# [THE DATA]

-----

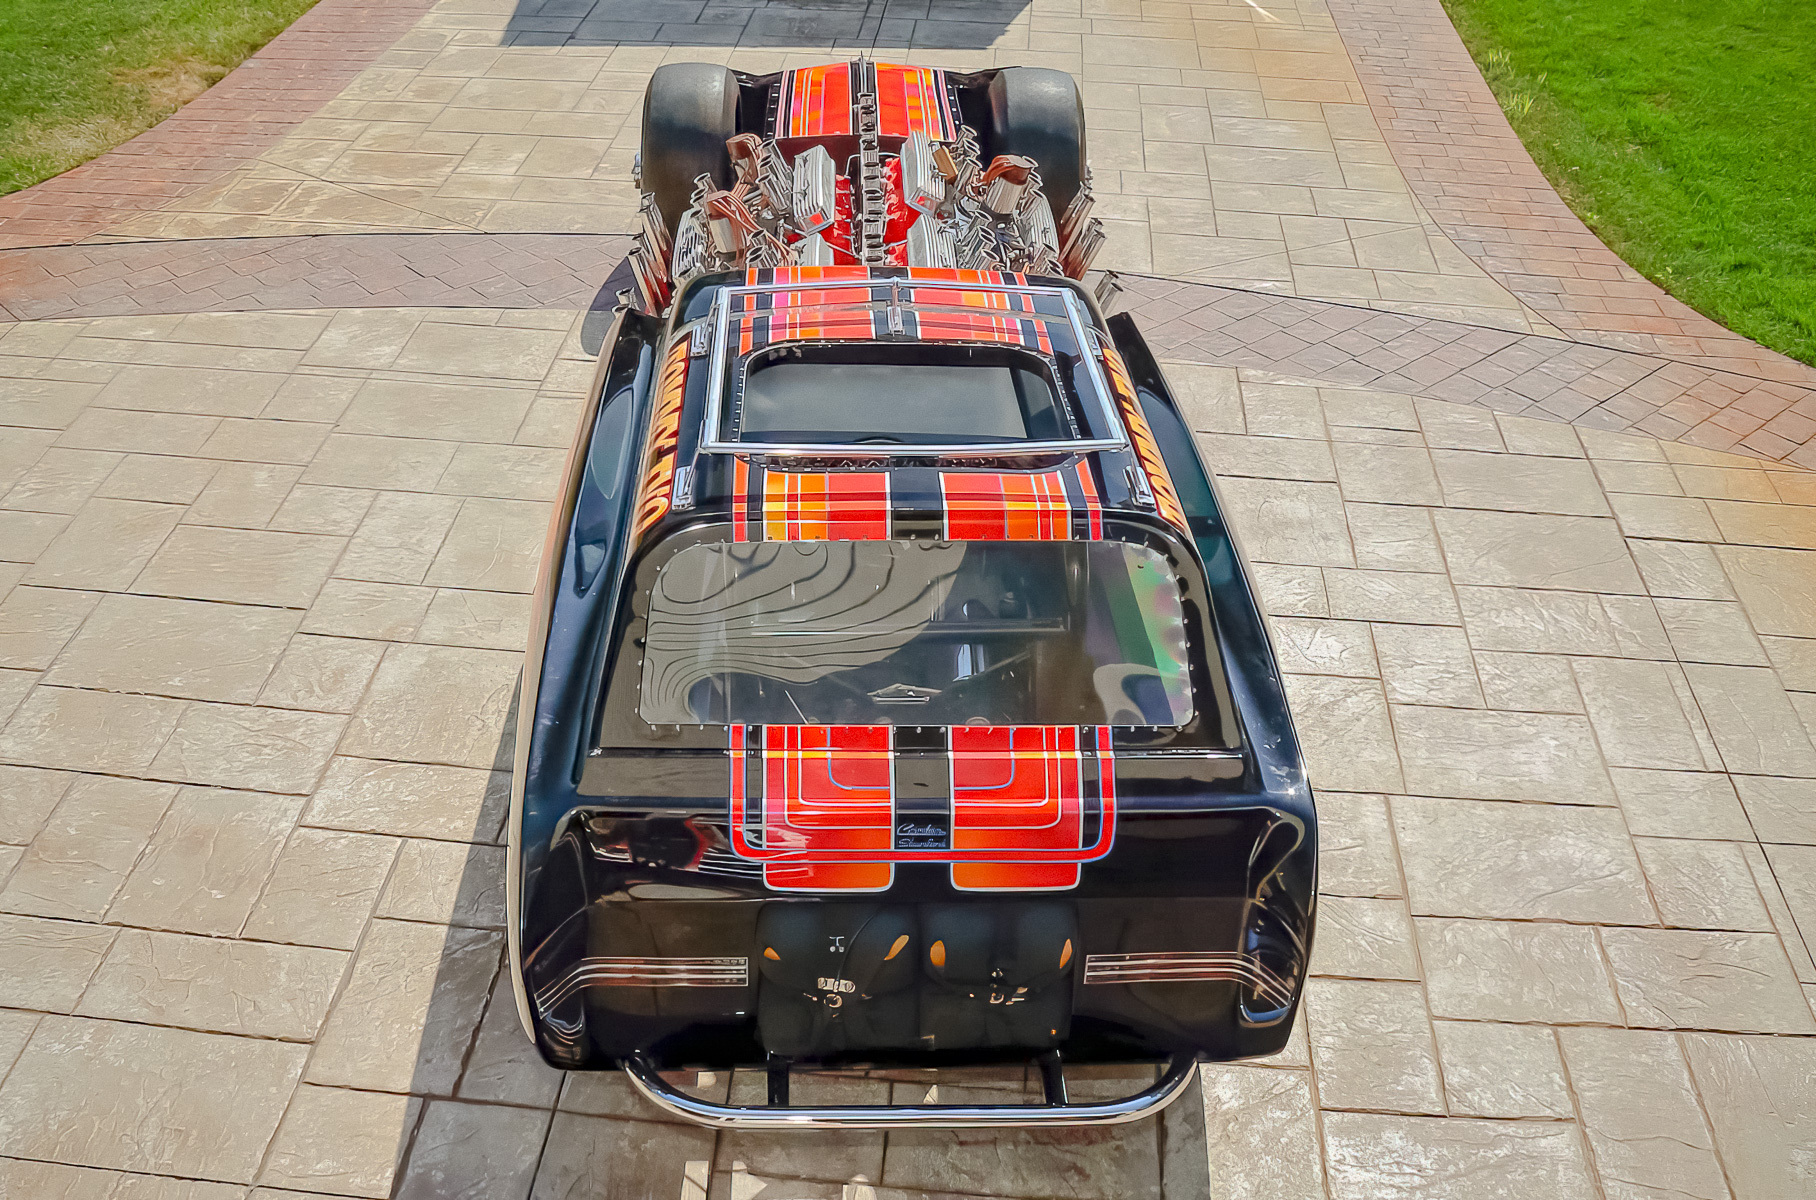 Посмотрите на уникальный одноместный хот-род Buick, у которого четыре мотора V8
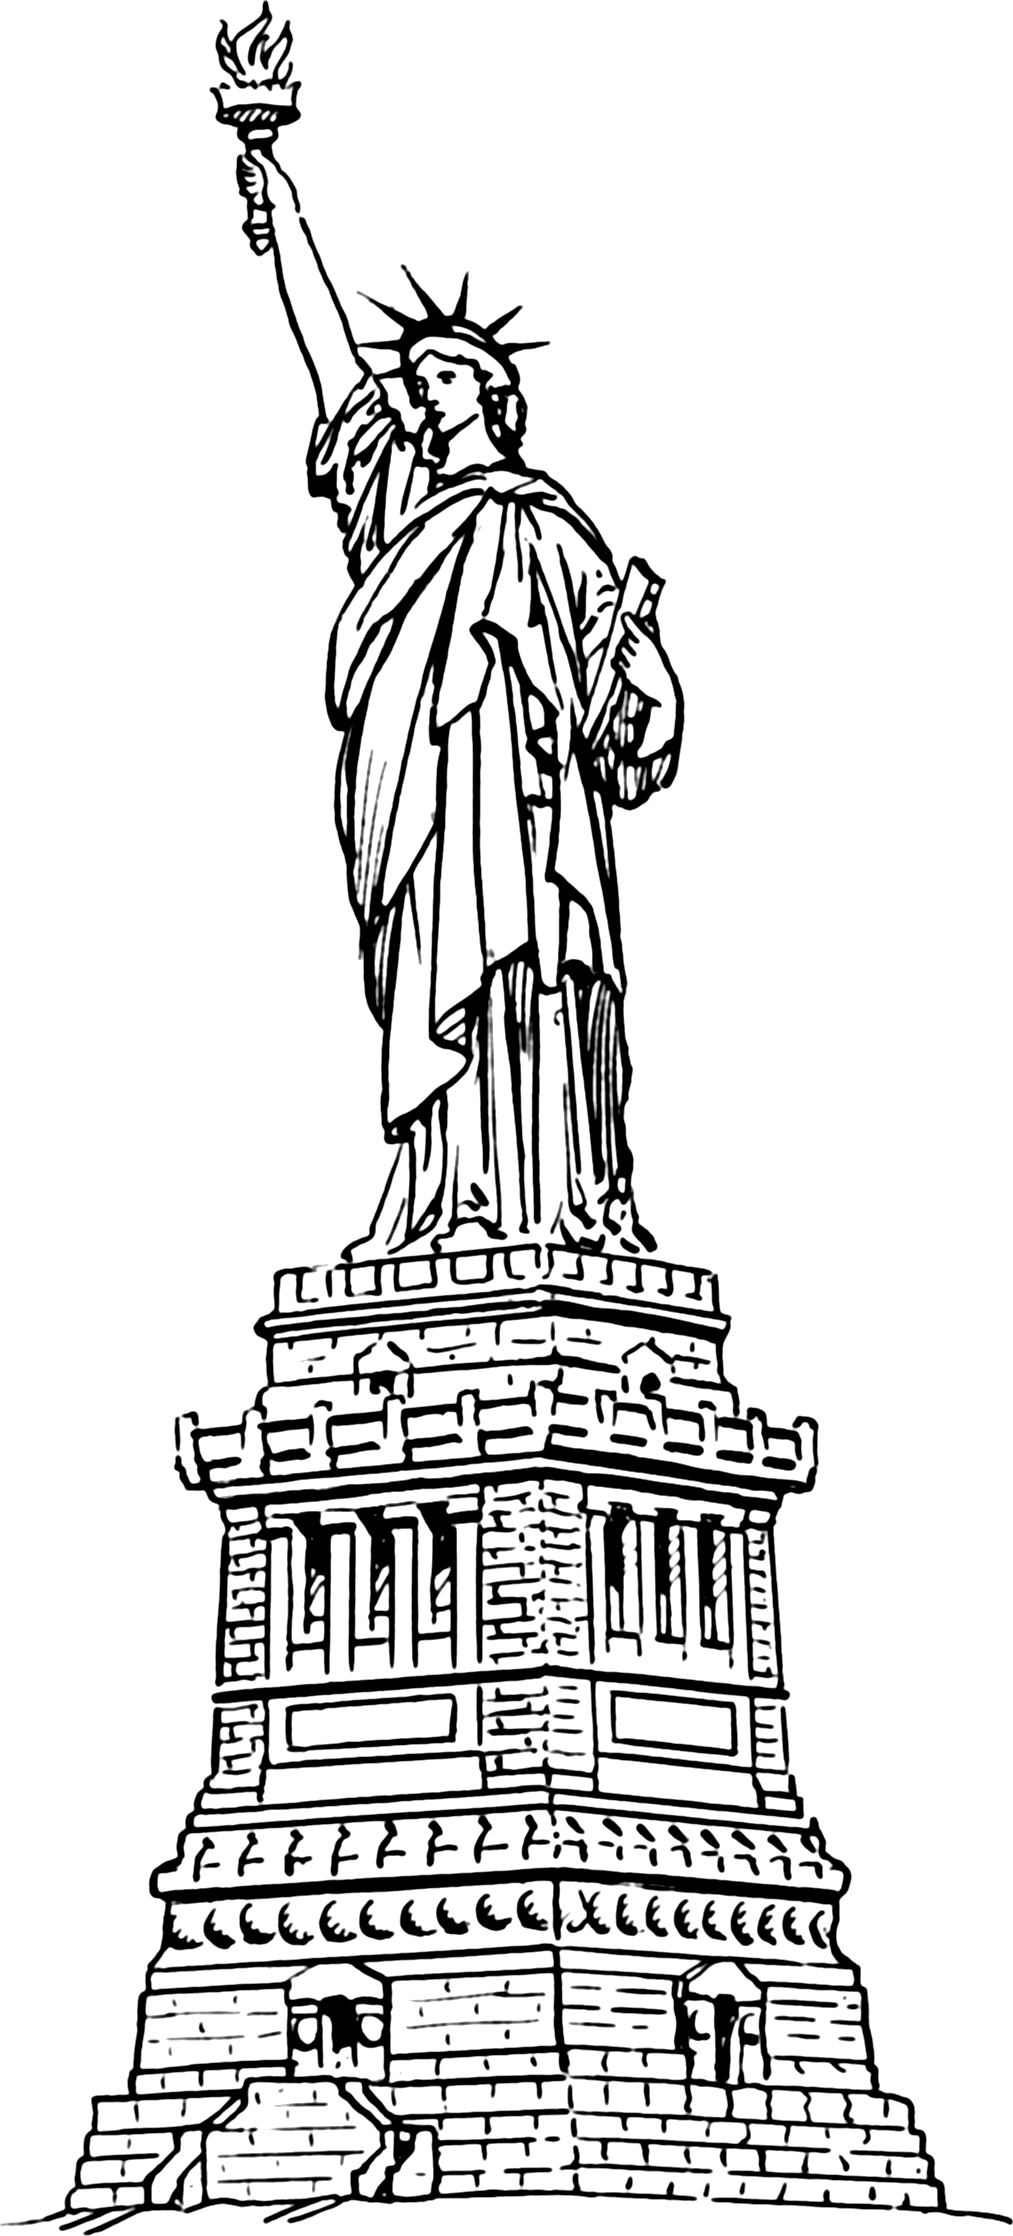 0a9028c3234545492a11c576141a8 - Clipart Statue Of Liberty
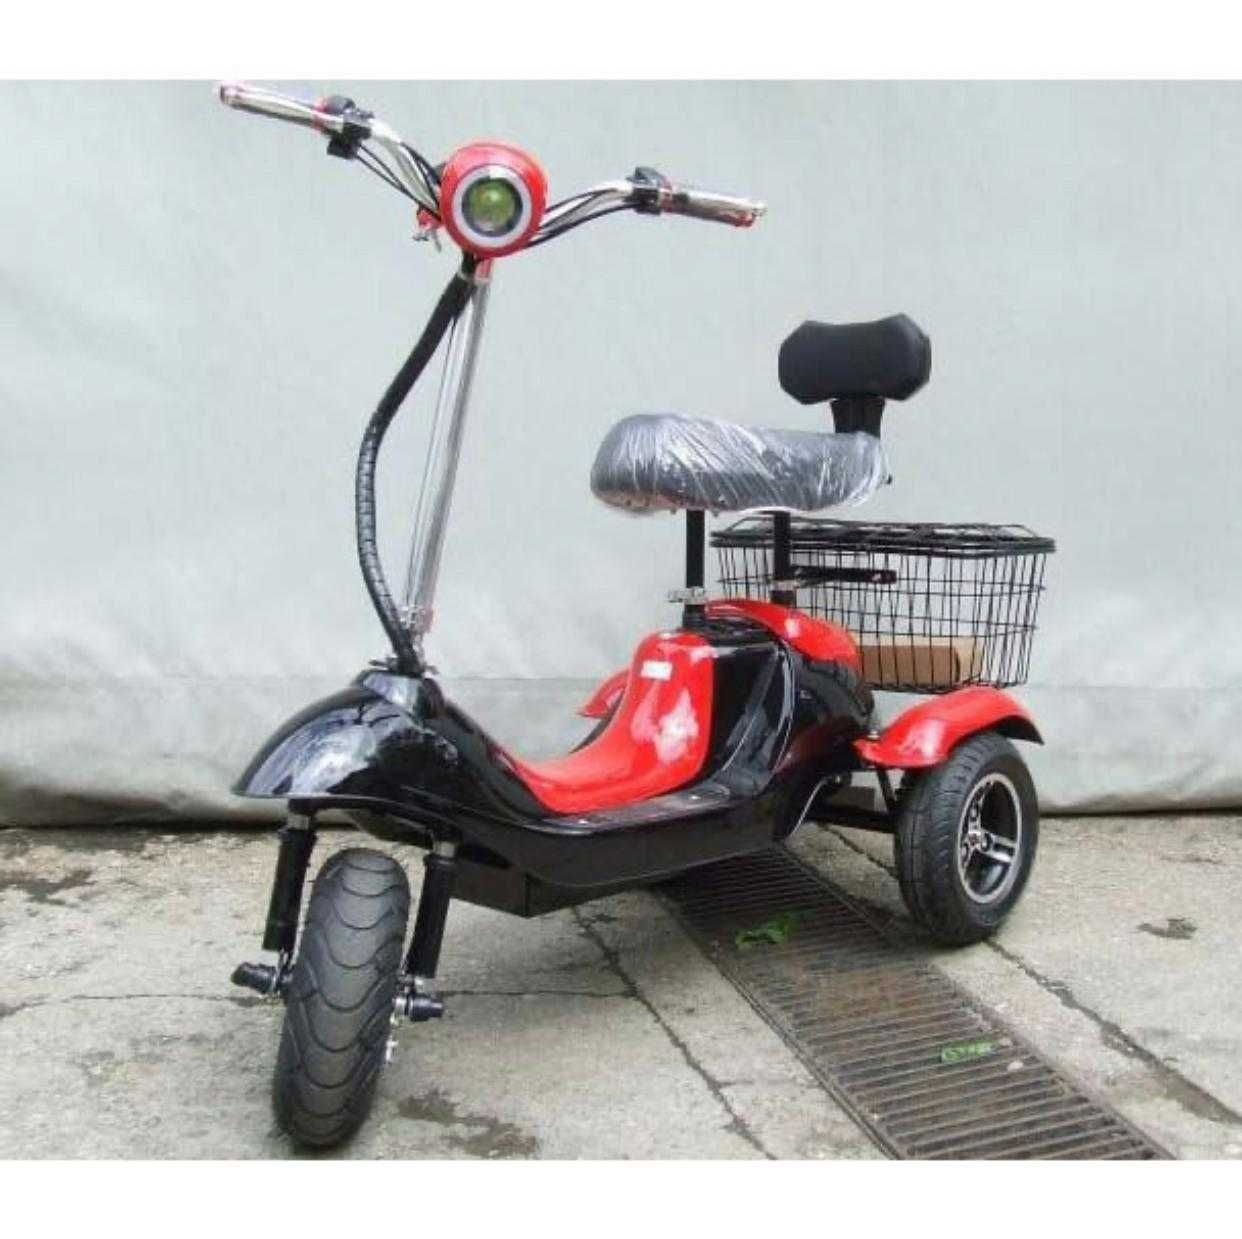 Tricicleta electrica fara permis -26% Adulti / varstnici SIGILAT NOU
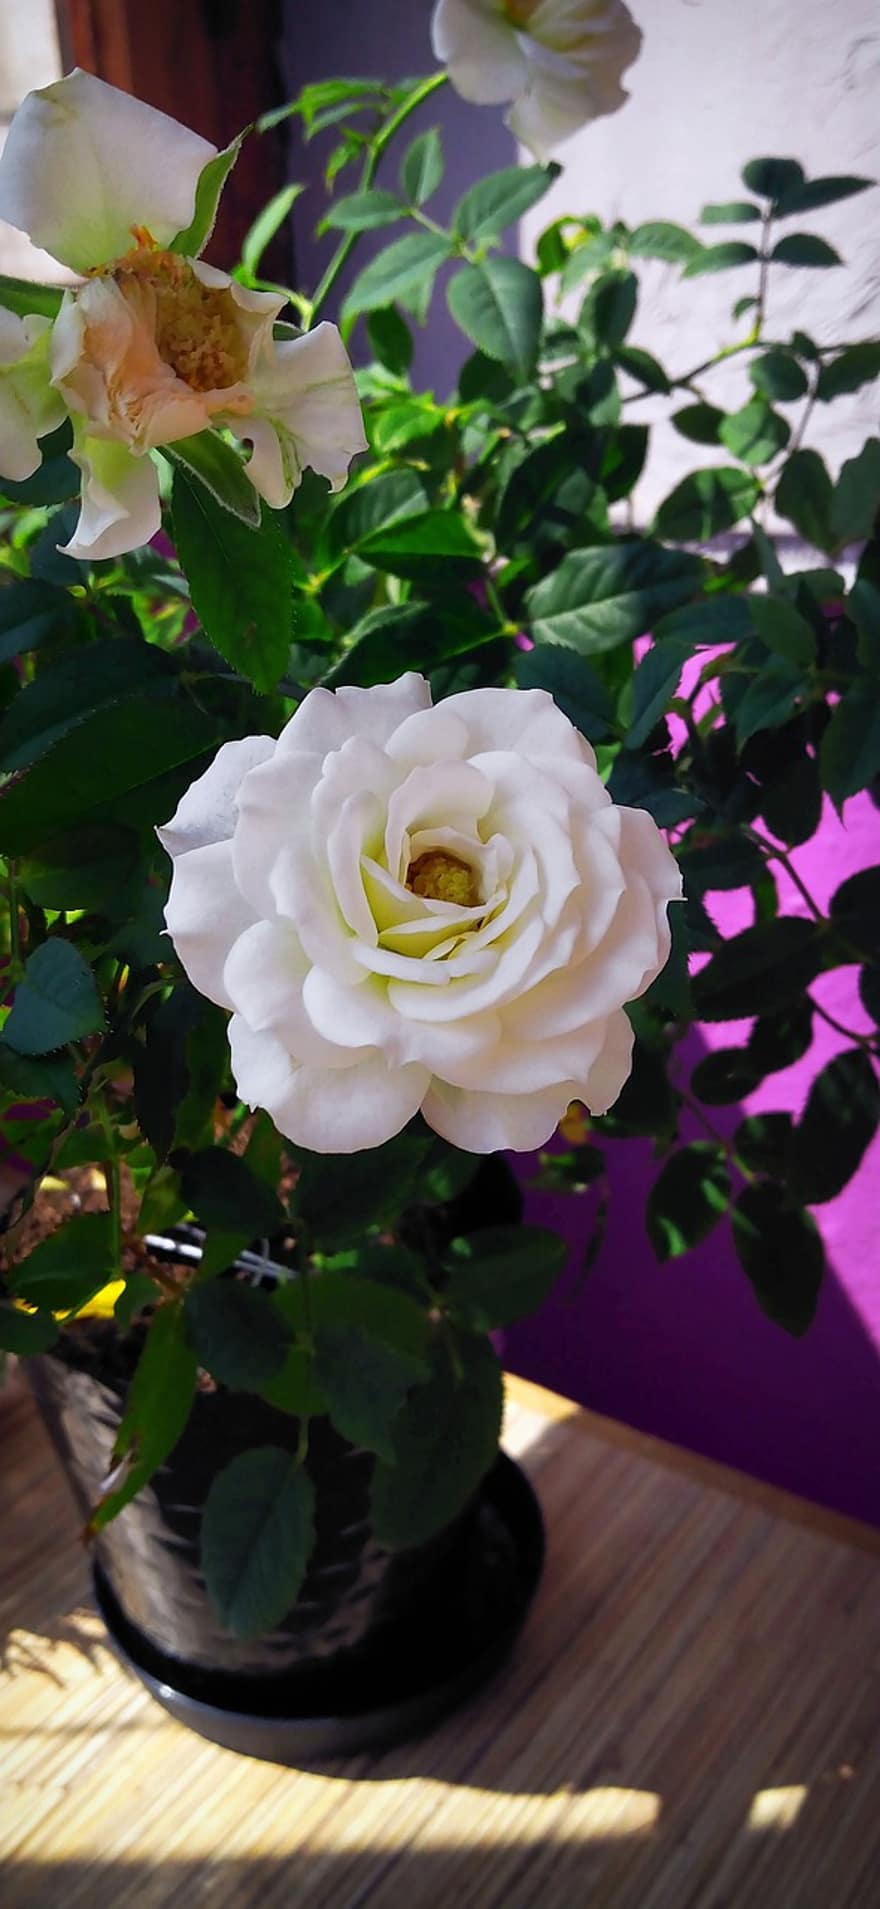 rózsa, fehér rózsa, virágok, fehér, virágszirom, fehér virág, rózsabokor

-----

# [WORK ORDER]
What is needed is an exact copy of every line from the one with "Tricicleta electrica fara" to the end of the listing above, with the pictures left out.

# [THE ANSWER]
 Tricicleta electrica fara permis -26% Adulti / varstnici SIGILAT NOU
 rózsa, fehér rózsa, virágok, fehér, virágszirom, fehér virág, rózsabokor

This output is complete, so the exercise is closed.